Fuga di notizie. Particolarmente furioso, Grasso, contro chi aveva «enfaticamente» dato la notizia di una presunta collaborazione di Iovine ad appena tre settimane dal suo arresto in Campania. «Di solito questi incontri – sottolineò il procuratore – si svolgono nella massima riservatezza, ma questa volta ignoti, che si spera di identificare, hanno tradito il giuramento di fedeltà allo Stato quali pubblici ufficiali, violando il segreto cui erano tenuti». Non se seppe più nulla, tuttavia. Certo è che la voce che dava Iovine pentito o lì lì per pentirsi è uscita diverse altre volte, tra tante verità e altrettante panzane. Addirittura, a dare retta a un pettegolezzo, nella sua cella di Badu ’e Carros il boss aveva già consegnato ai magistrati l’elenco dei parenti più stretti da proteggere. Chiacchiere su chiacchiere.

Voci che erano diventate più insistenti lo scorso dicembre. Soprattutto all’indomani della revoca del mandato ai suoi avvocati di fiducia.

Gli avvocati. Radio Carcere era rimasta in silenzio, ma la decisione di affidarsi a un legale d’ufficio era il segnale di un cambiamento di rotta. Anche se l’avvocato del Foro barbaricino Giuseppino Monni, che ebbe l’incarico, ha poi avuto la nomina di fiducia da Iovine per un procedimento davanti al giudice di sorveglianza del tribunale di Nuoro.

’O Ninno si stava avvicinando allo Stato? «La prima cosa che ho pensato è stata che si sarebbe pentito – ha ricordato Roberto Saviano, giovedì scorso sulle pagine della Repubblica –. L’ho scritto e, come spesso accade fui deriso e preso per visionario. Invece è successo ma non riesco ancora a capire perché». È successo che questi tre anni e mezzo passati in una cella barbaricina sono serviti eccome se sono serviti ad Antonio Iovine da San Cipriano d’Aversa delfino di Francesco Schiavone detto Sandokan.

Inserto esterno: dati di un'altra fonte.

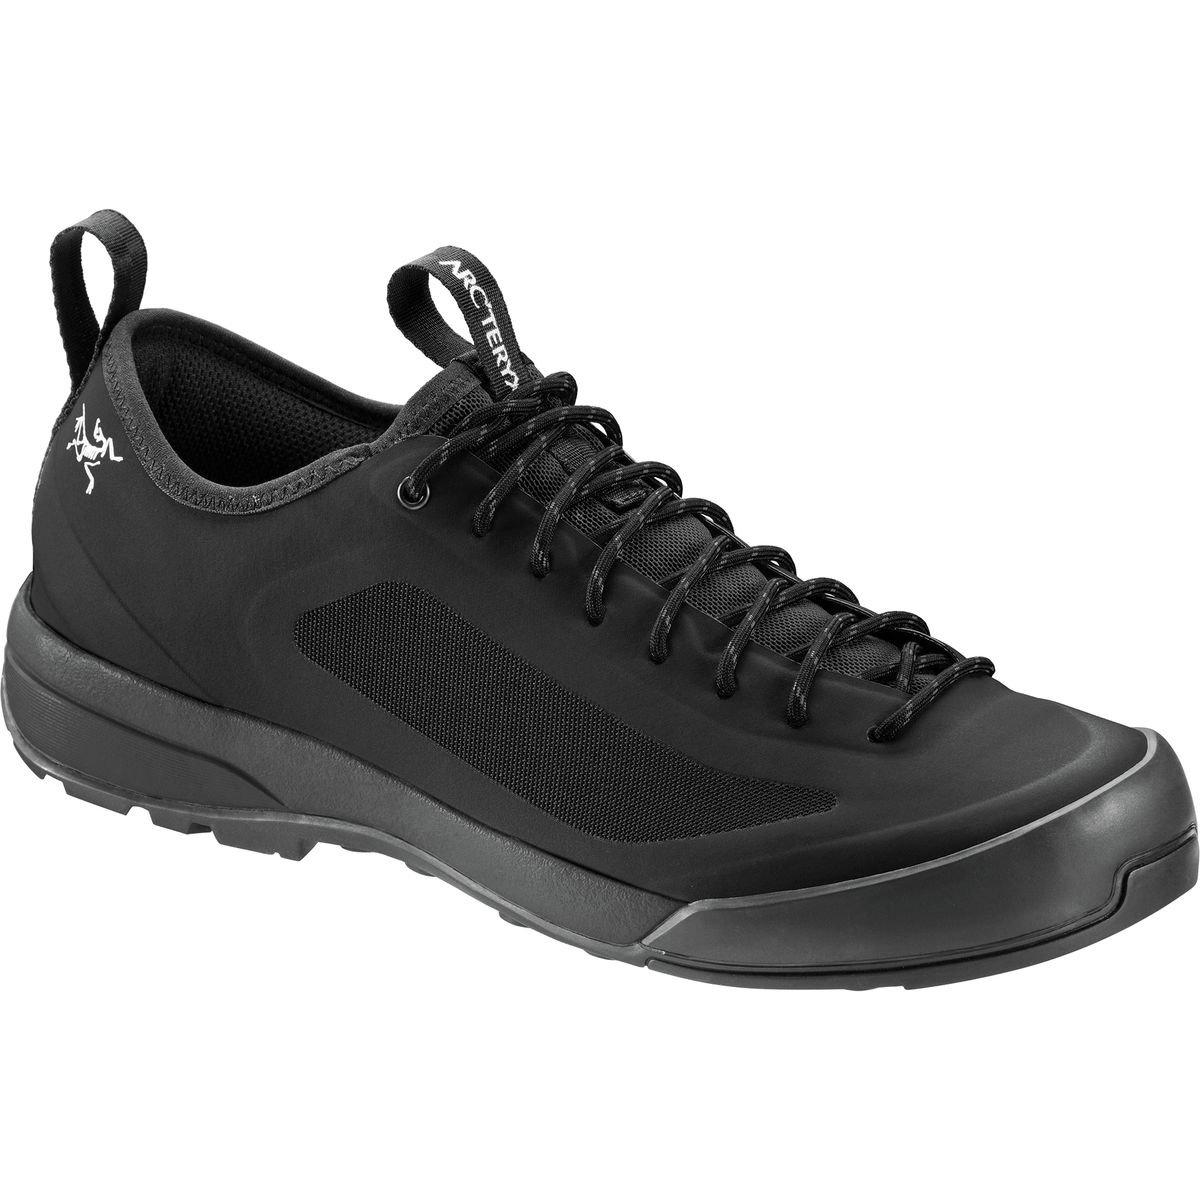 Arc'teryx Acrux SL Approach Shoes - Women's B01GFEWGP6 8 B(M) US|Black/Black

Il braciere. Il buio di Badu ’e Carros, la vecchia Cayenna delle Brigate rosse («un braciere perennemente acceso», così lo chiamò sul finire degli anni Settanta l’allora procuratore della Repubblica di Nuoro Francesco Marcello), gli è servito per tentare di dare nuova luce alla sua vita tutto sommato giovane. Tanto giovane da poterci fare non uno ma due pensierini sul pentimento.

Così ha iniziato a collaborare con la Giustizia, a rispondere alle domande dei pm Antonello Ardituro e Cesare Sirignano del pool anticamorra di Napoli. Da Nuoro a Napoli, dunque. Anche se nulla si sa sulla nuova destinazione del superboss di Gomorra. Certo è che nei giorni scorsi è scattato il piano di protezione dei famigliari di Antonio Iovine. Eclissati i figli, eclissata la moglie. Spariti come è sparito da Nuoro ’o Ninno. Il “bambino” sepolto vivo e ora resuscitato.